─── PROVIDED INFORMATION
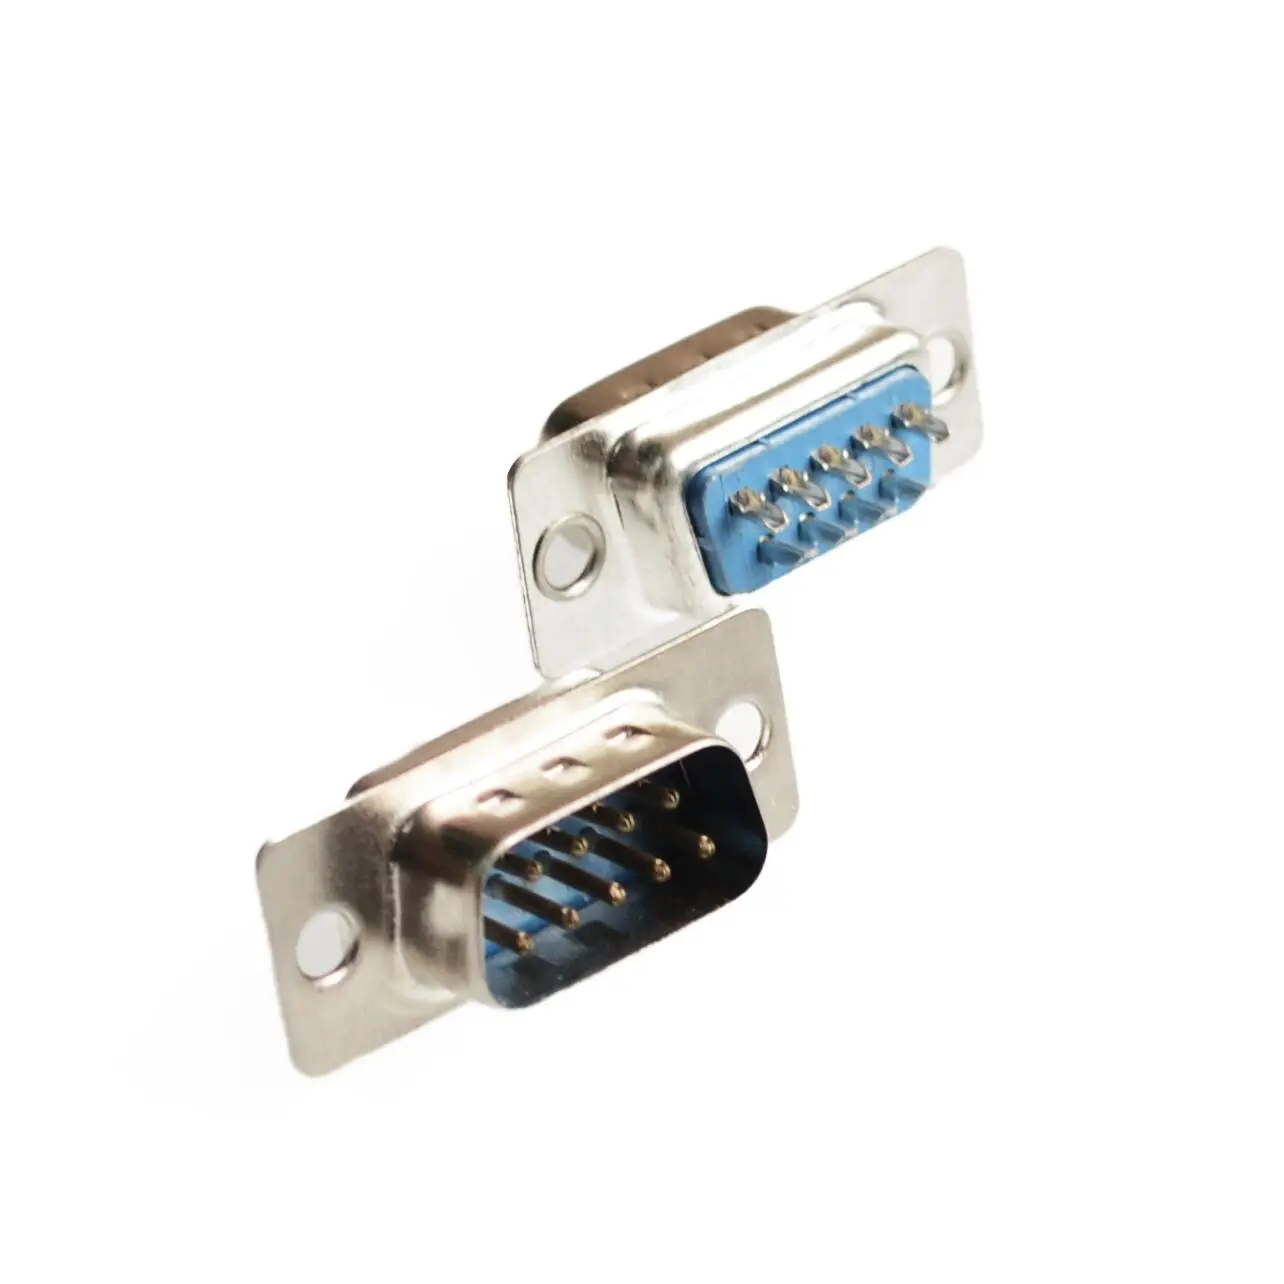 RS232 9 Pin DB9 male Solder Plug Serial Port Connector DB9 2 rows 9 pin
──────
─── PROVIDED INFORMATION
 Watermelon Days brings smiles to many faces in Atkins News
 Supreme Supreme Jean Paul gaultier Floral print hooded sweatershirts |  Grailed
──────
◆ **WORK REQUIRED**
In the listing above, locate the line containing "Watermelon Days brings" and the line containing "Supreme Supreme Jean", then transcribe both and every line between them verbatim.

◆ **OUTPUT BELOW**
 Watermelon Days brings smiles to many faces in Atkins News
 Supreme Supreme Jean Paul gaultier Floral print hooded sweatershirts |  Grailed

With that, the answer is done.